● To do: Restate the following data in its entirety, word for word and without images.

● The data:
◇ ◇ ◇
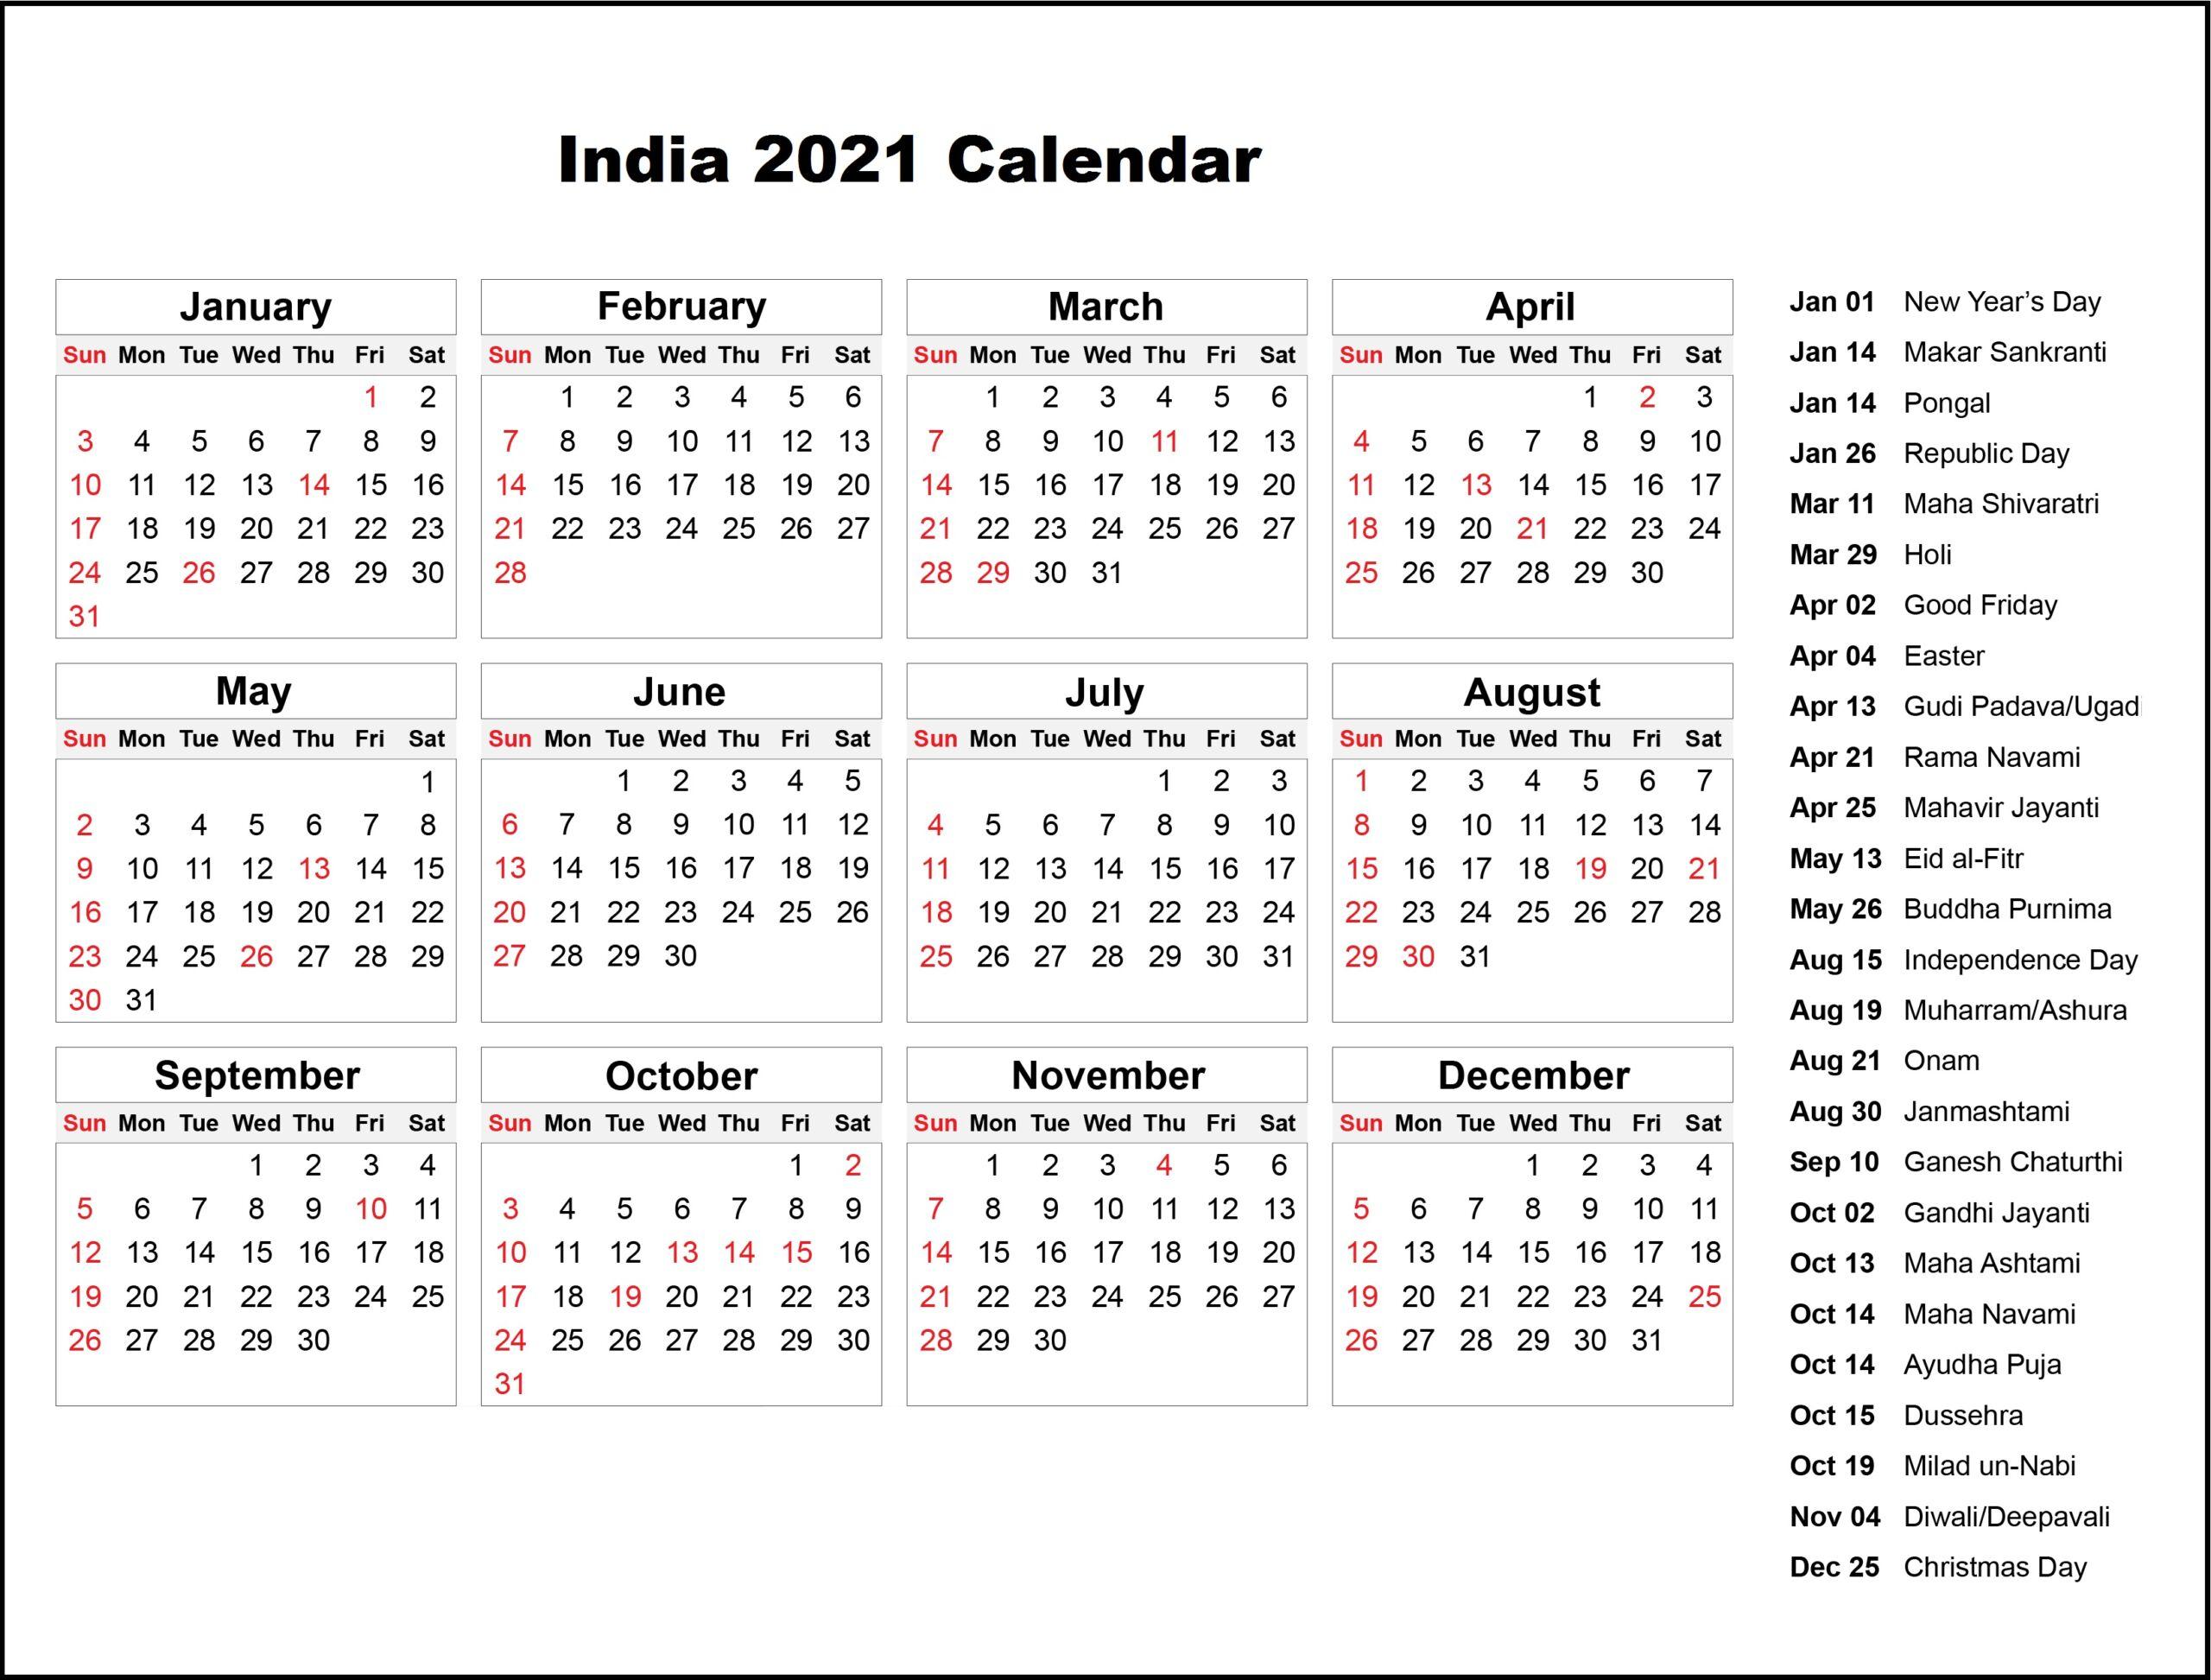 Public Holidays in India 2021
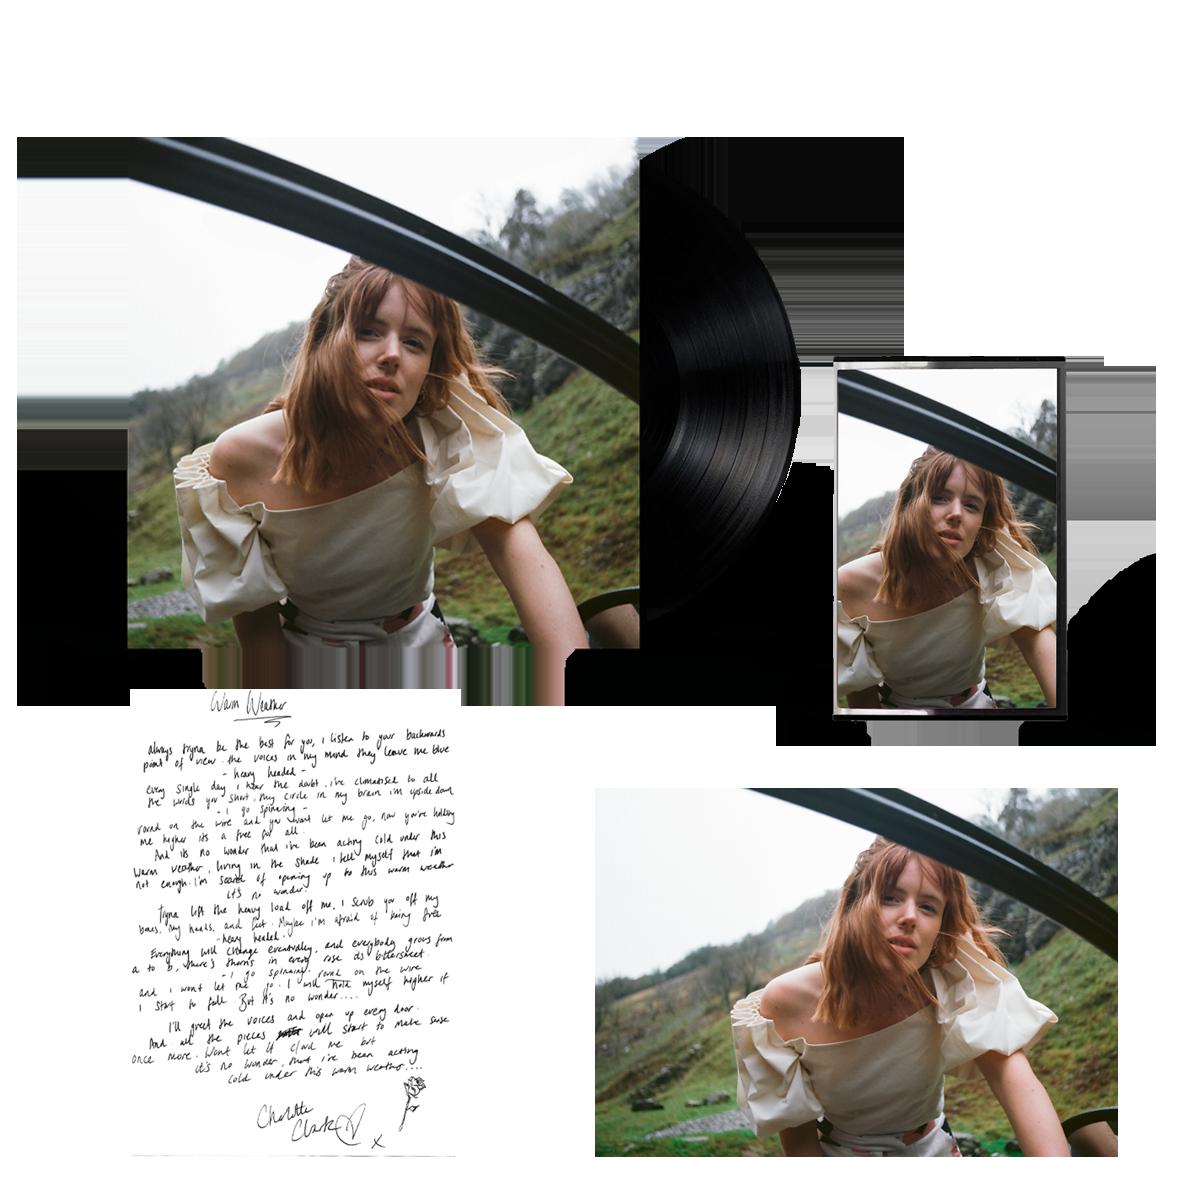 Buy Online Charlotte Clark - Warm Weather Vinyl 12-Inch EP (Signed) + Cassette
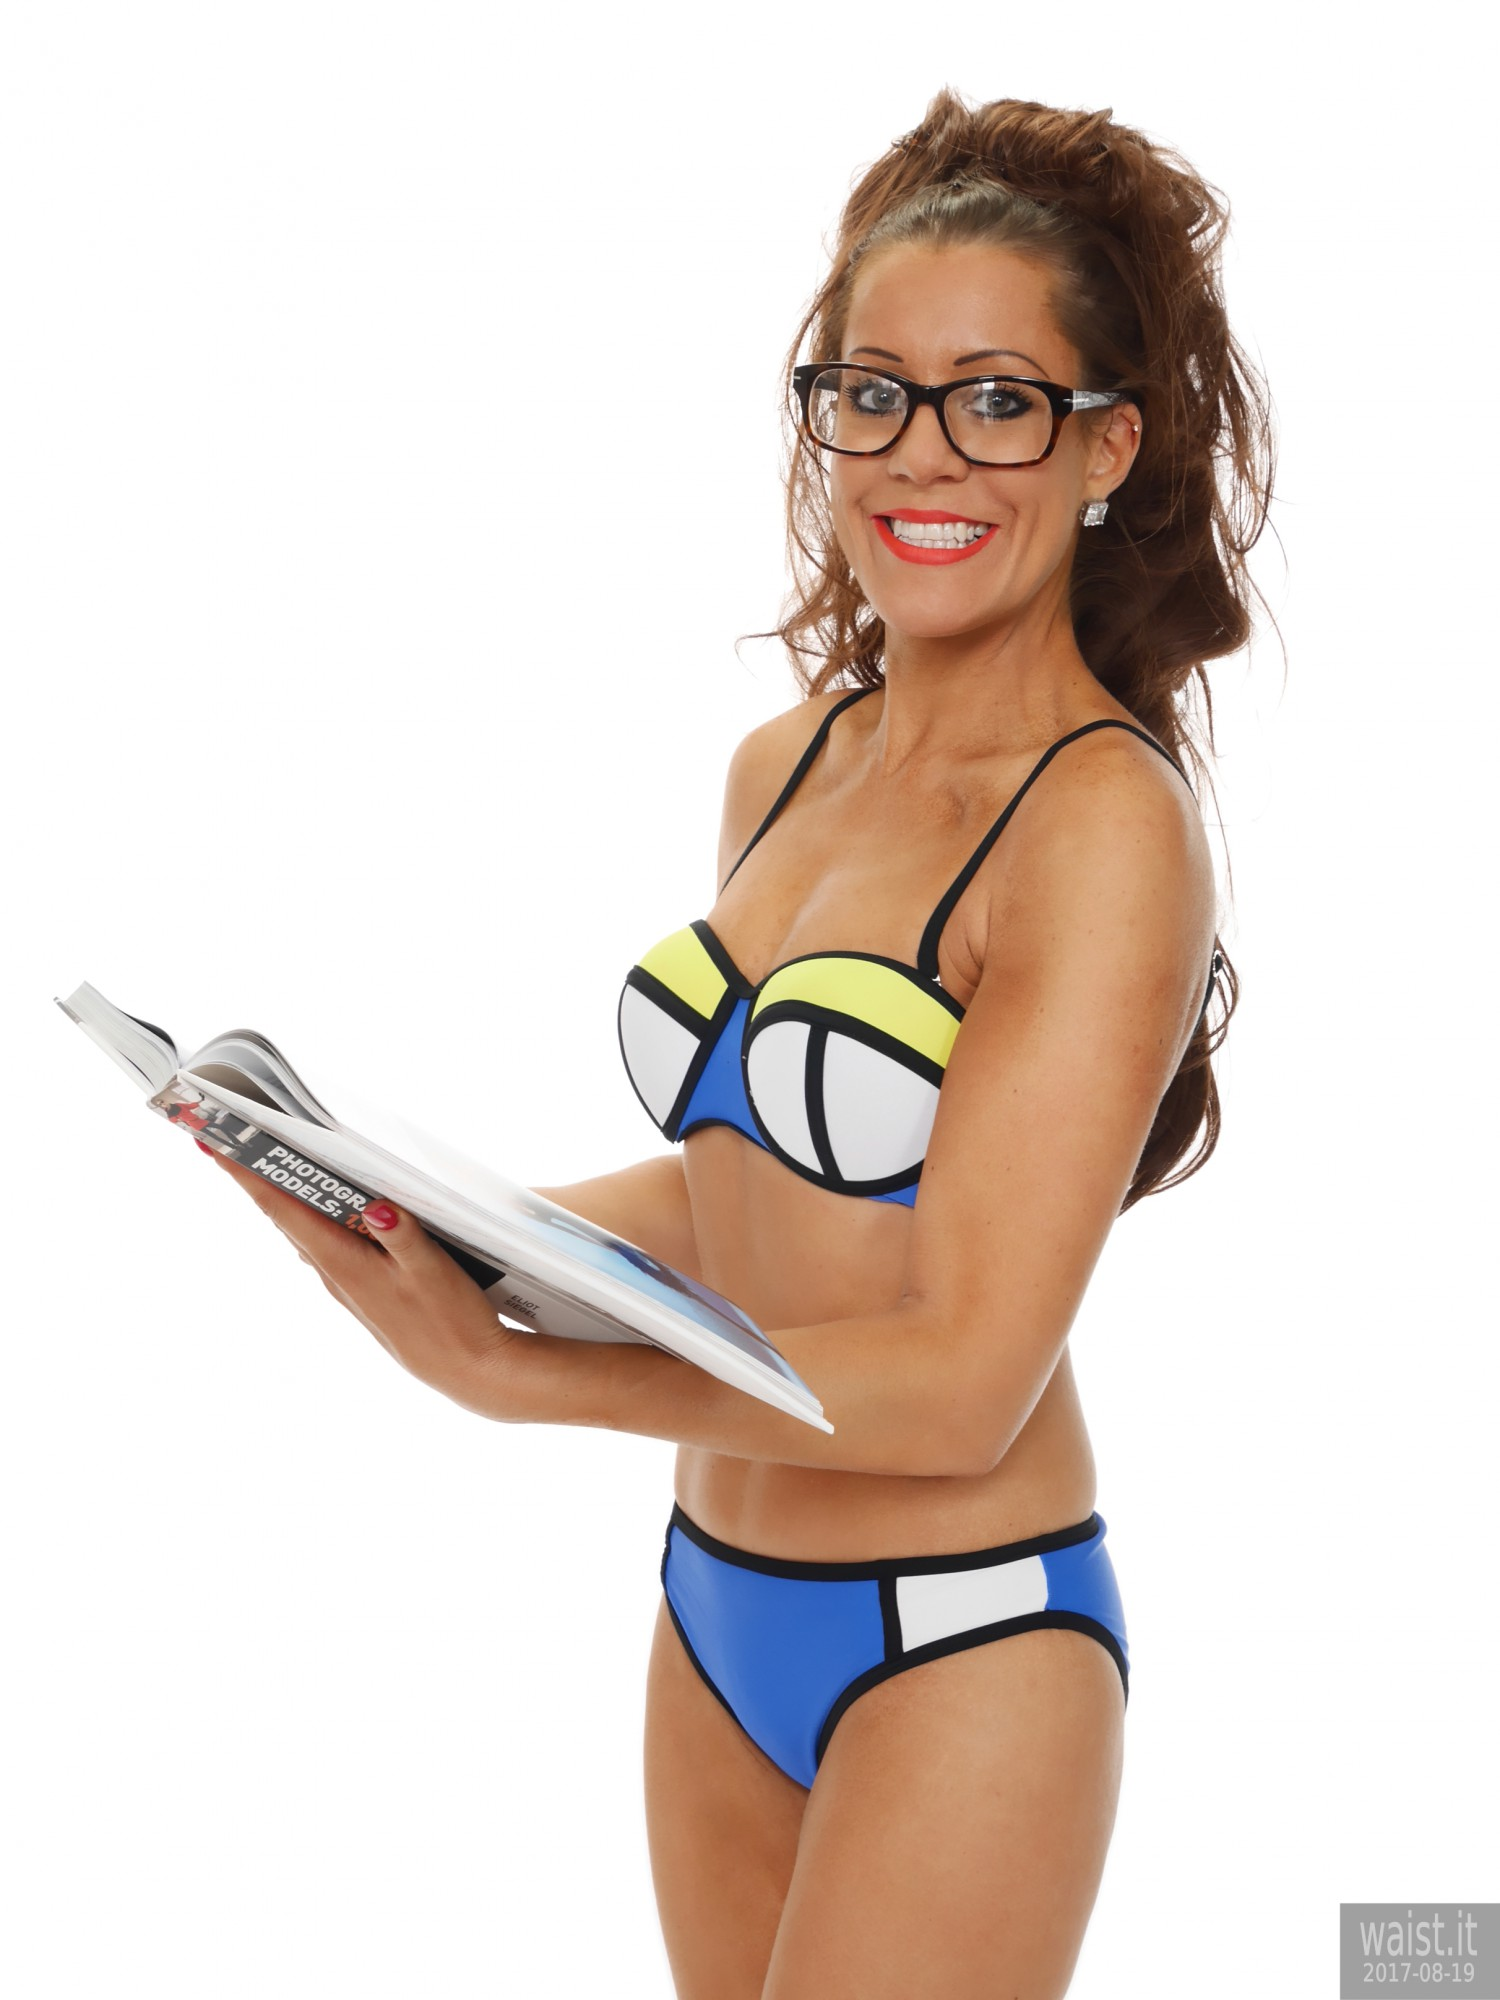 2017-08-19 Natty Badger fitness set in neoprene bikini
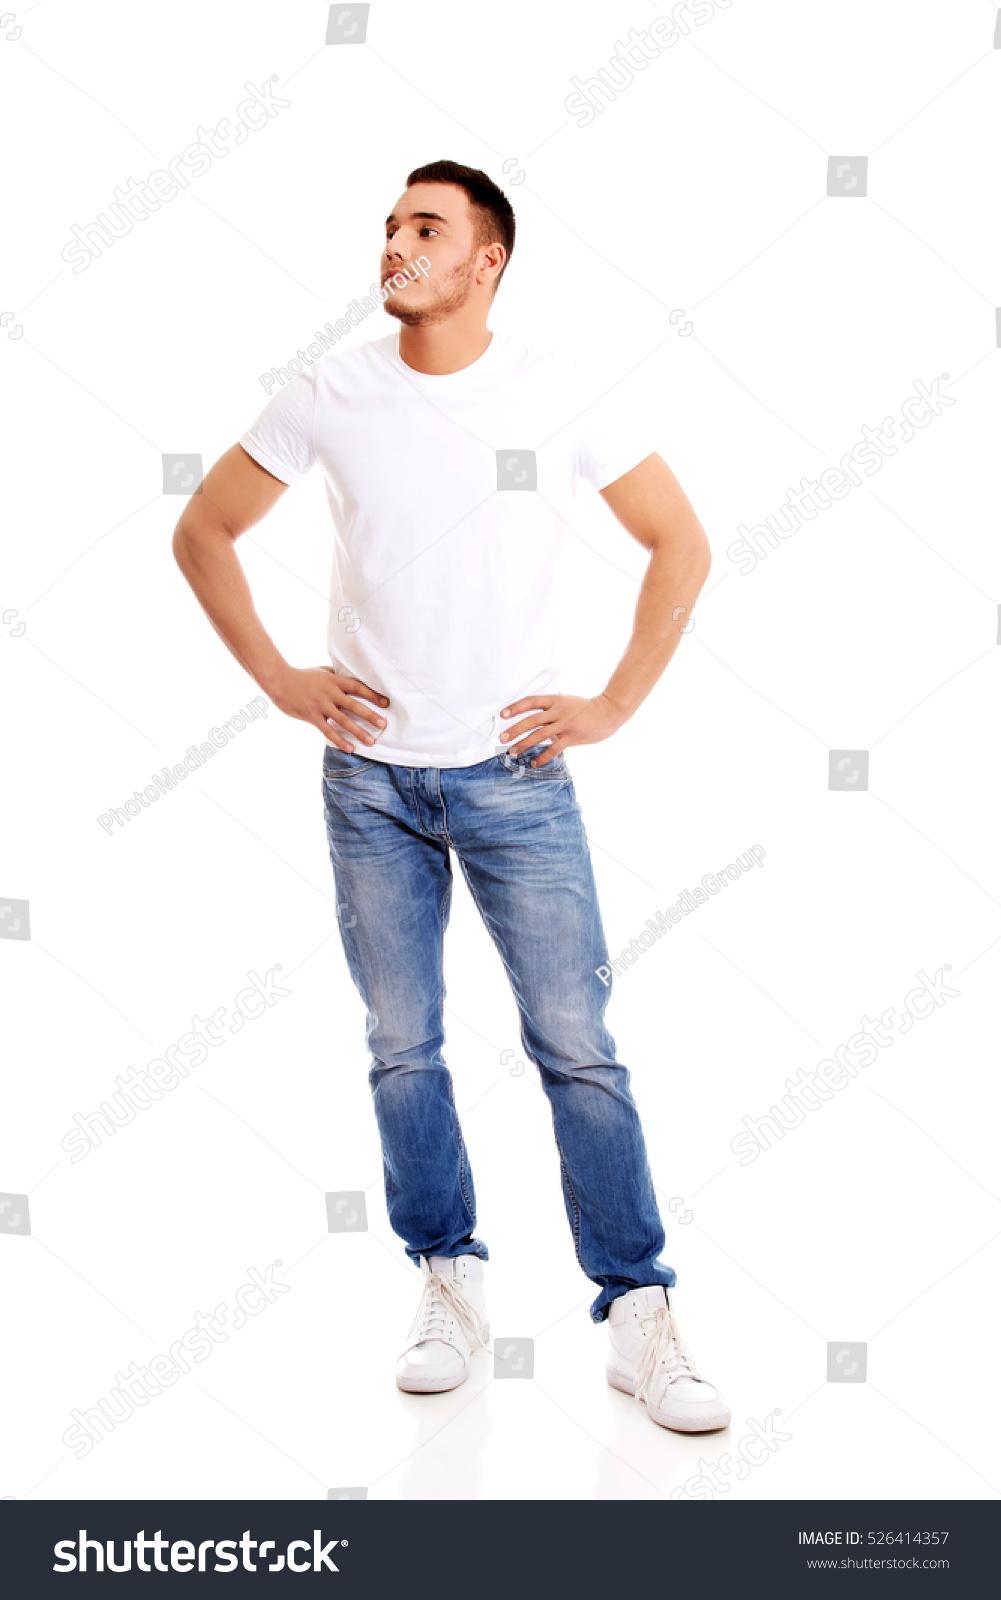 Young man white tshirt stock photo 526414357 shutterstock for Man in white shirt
◇ ◇ ◇
● Solution:
 Public Holidays in India 2021
 Buy Online Charlotte Clark - Warm Weather Vinyl 12-Inch EP (Signed) + Cassette
 2017-08-19 Natty Badger fitness set in neoprene bikini
 Young man white tshirt stock photo 526414357 shutterstock for Man in white shirt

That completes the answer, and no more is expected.